Ramblings of an aging IT geek
← Ramblings of an aging IT geek
debugging

chasing a race condition for three days

A flaky test failed once in every few hundred runs, and the bug was a shared map written from two goroutines without a lock.

A terminal showing a stack trace late at night

The symptom was a test that failed roughly once in every three hundred runs. On my laptop it never failed. In CI it failed just often enough to be infuriating and just rarely enough that everyone had quietly started hitting "re-run" and moving on. That is the worst kind of bug, the one the team has already learned to tolerate.

I gave it three days. Day one was spent not believing it was a real race. I assumed it was a slow CI runner, a timeout that was too tight, some flakiness in the test harness itself. I added retries, I bumped the timeout, and of course it failed again, because the problem was never timing in that sense.
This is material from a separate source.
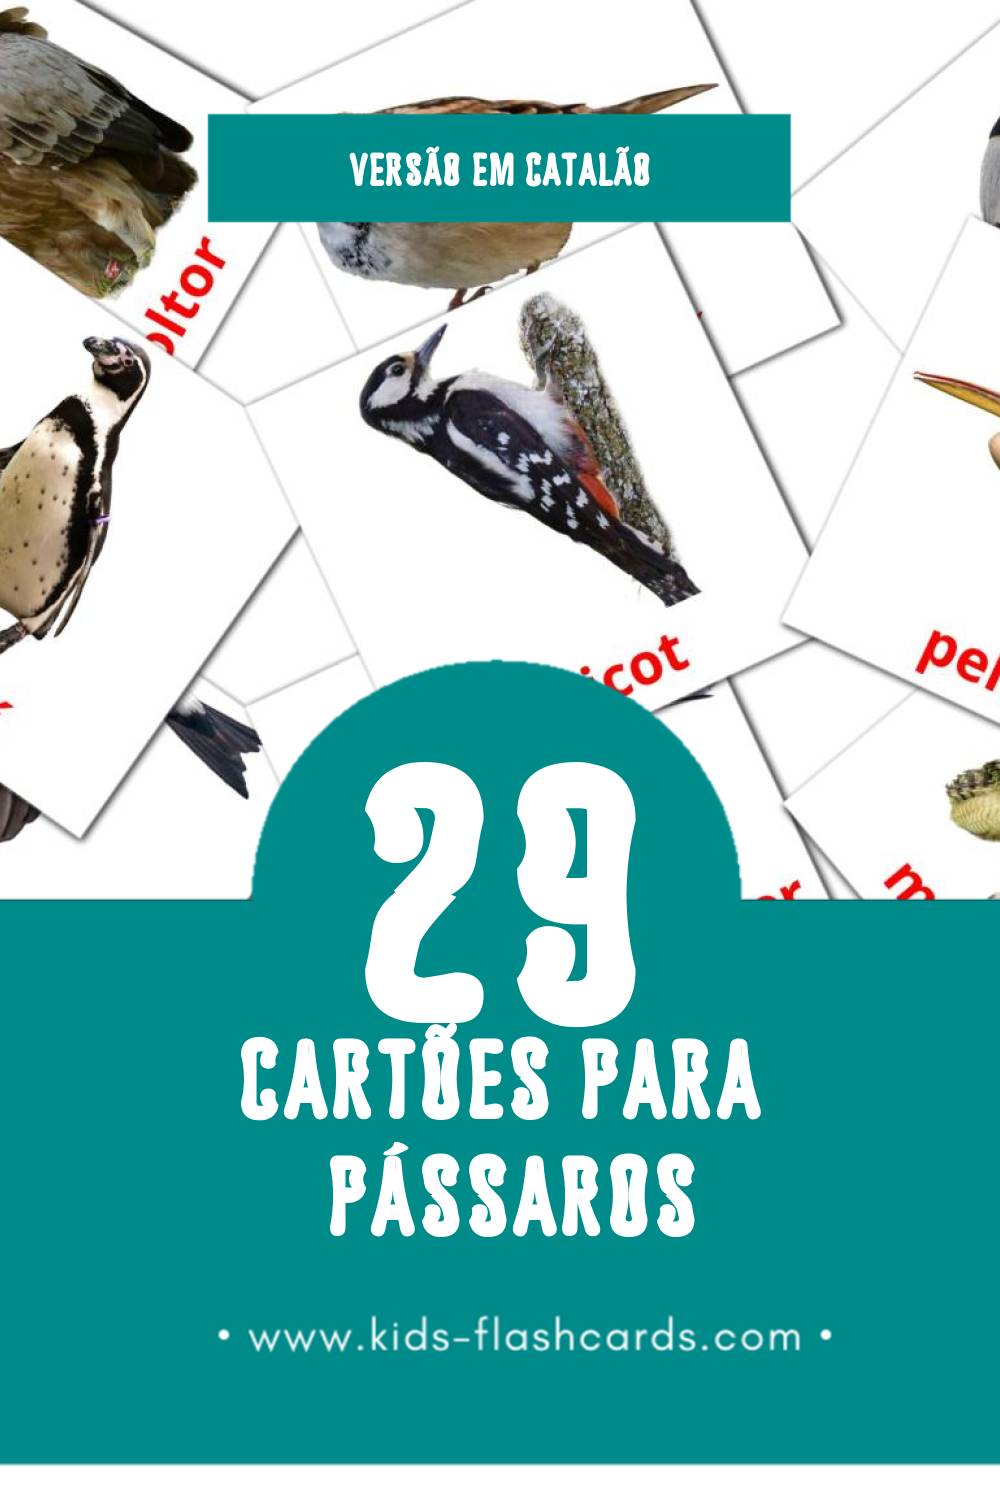 Flashcards de Ocells Visuais para Toddlers (29 cartões em Catalão)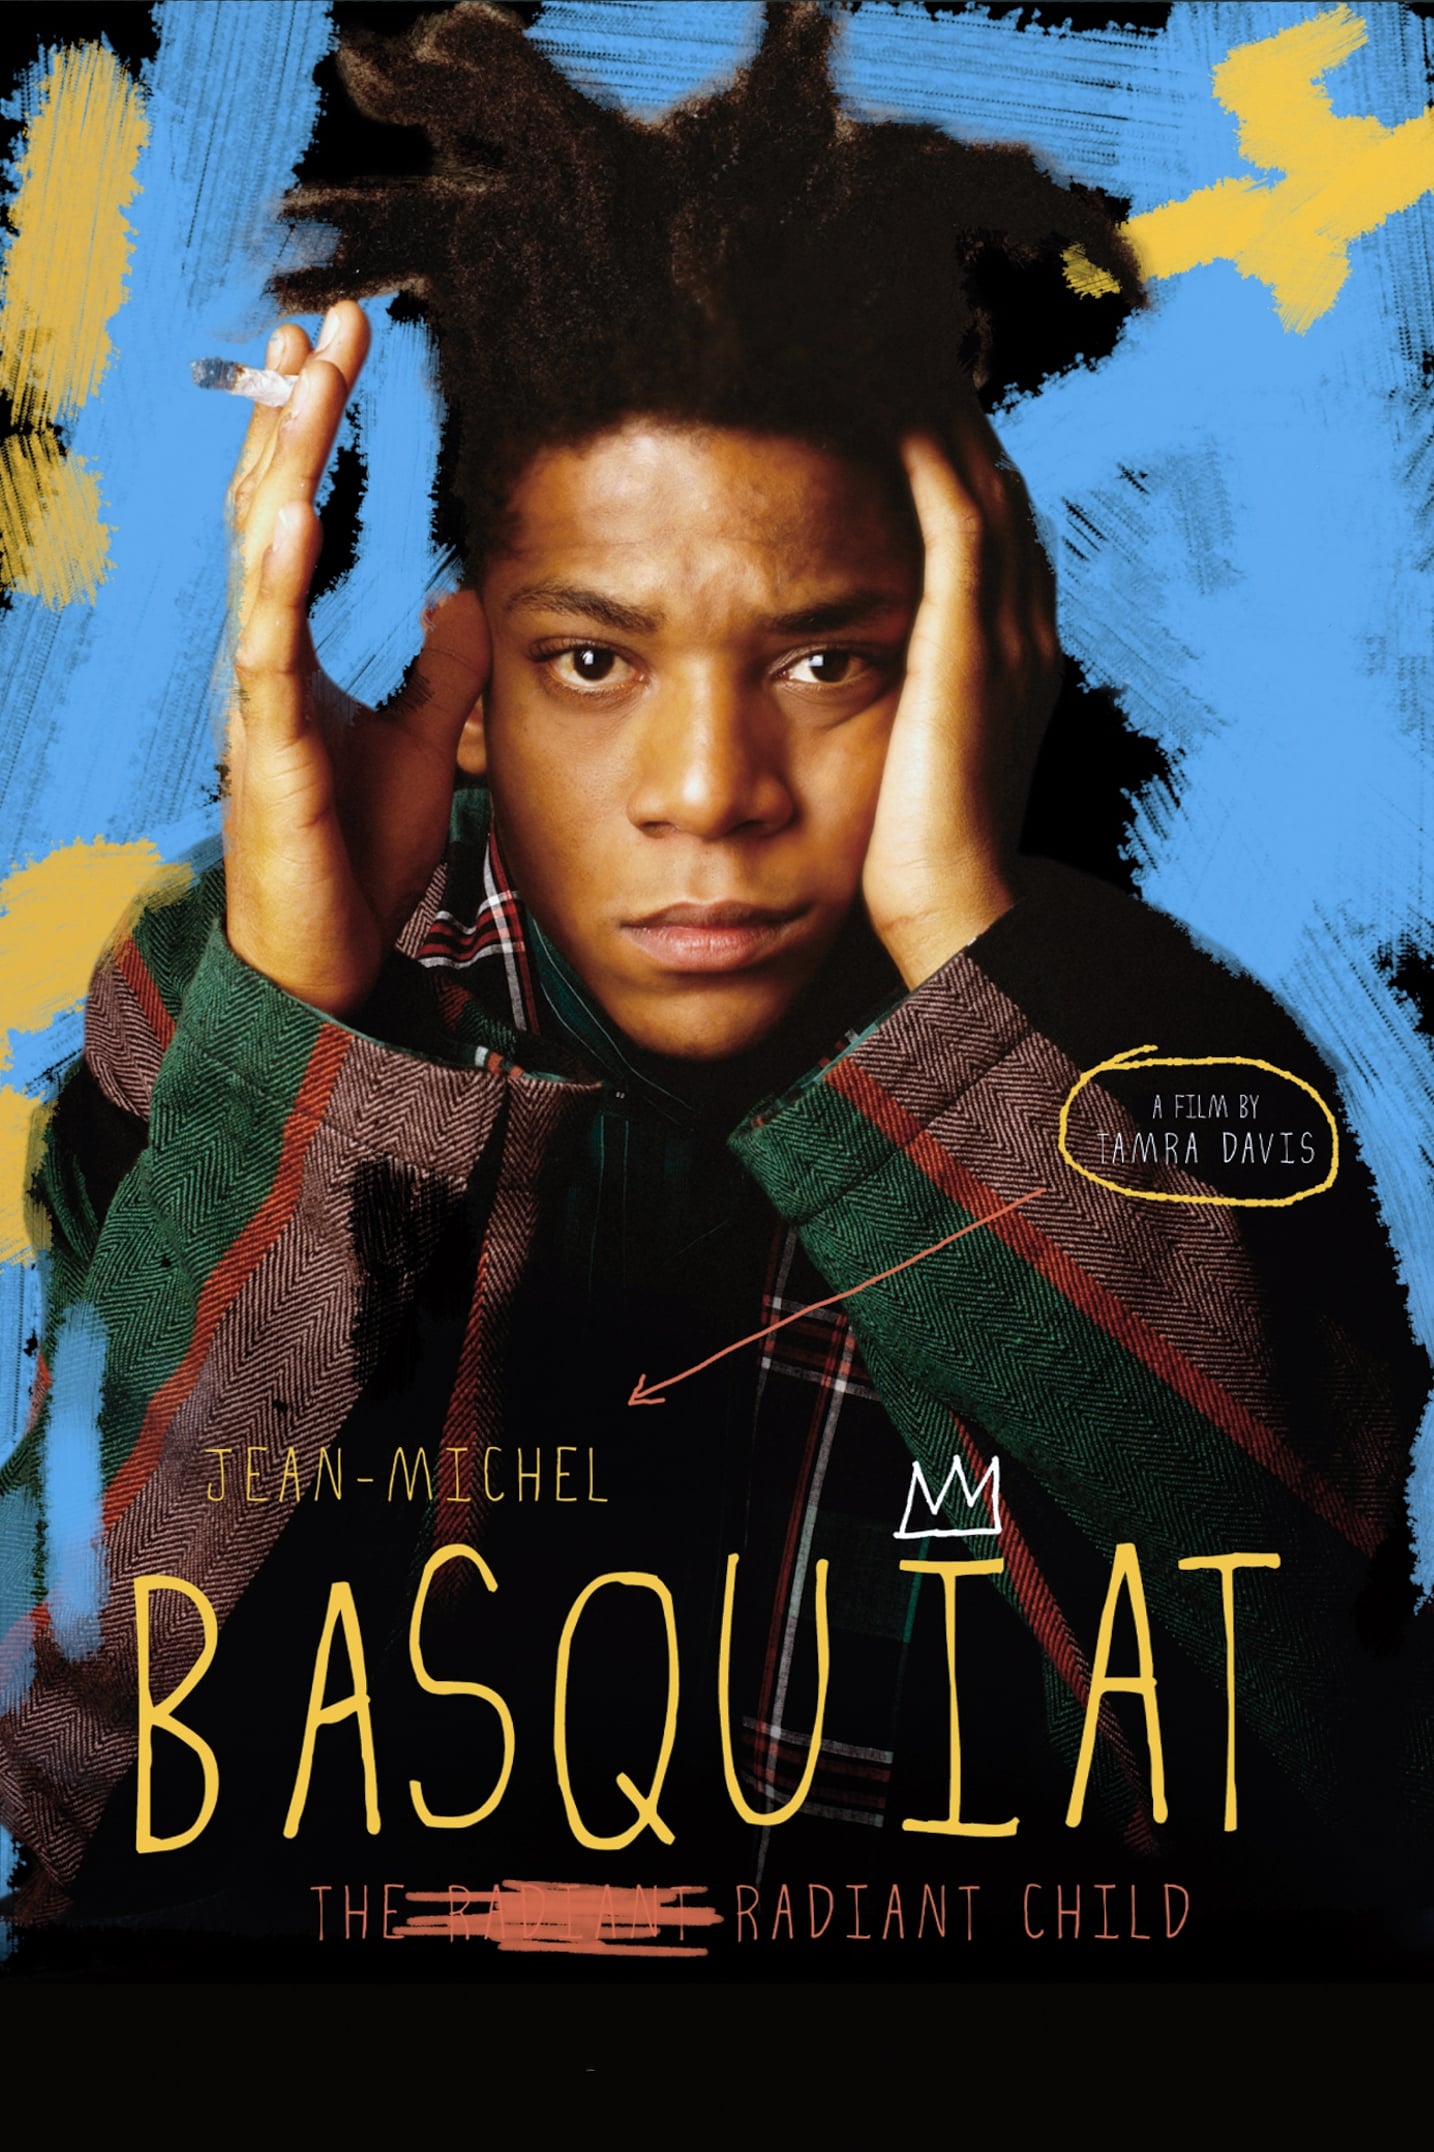 Jean-Michel Basquiat : The Radiant Child sur annuaire telechargement

Day two I stopped guessing and reached for the right tool. The service is Go, so I ran the offending package under the race detector:

go test -race -run TestFanout -count=2000 ./internal/dispatch

It took ages and it caught it. The detector printed two stacks: one goroutine writing to a map during result aggregation, another goroutine writing to the same map from a callback fired by a different code path. No lock between them. Most of the time the two writes were far enough apart in wall-clock time that nothing collided. Occasionally they weren't, the map's internal state got corrupted, and a downstream read saw a value that should not have existed.

A close-up of code with a highlighted line

The fix was four lines: a sync.Mutex on the struct, Lock() and Unlock() around both write sites. The map was small and the contention is negligible, so a plain mutex was the right call rather than anything clever with channels or sync.Map.

What I want to remember from this is the order I should have done it in. The race detector exists precisely for this. I should have reached for it on day one instead of day two, before I'd convinced myself it was infrastructure. The "it only fails in CI" framing sent me chasing the environment when the bug was sitting in my own aggregation code the whole time. CI was not flaky. CI was simply running the test enough times to find the bug I'd written. The lesson, again, is that flaky almost always means racy, and the tool that proves it is one flag away.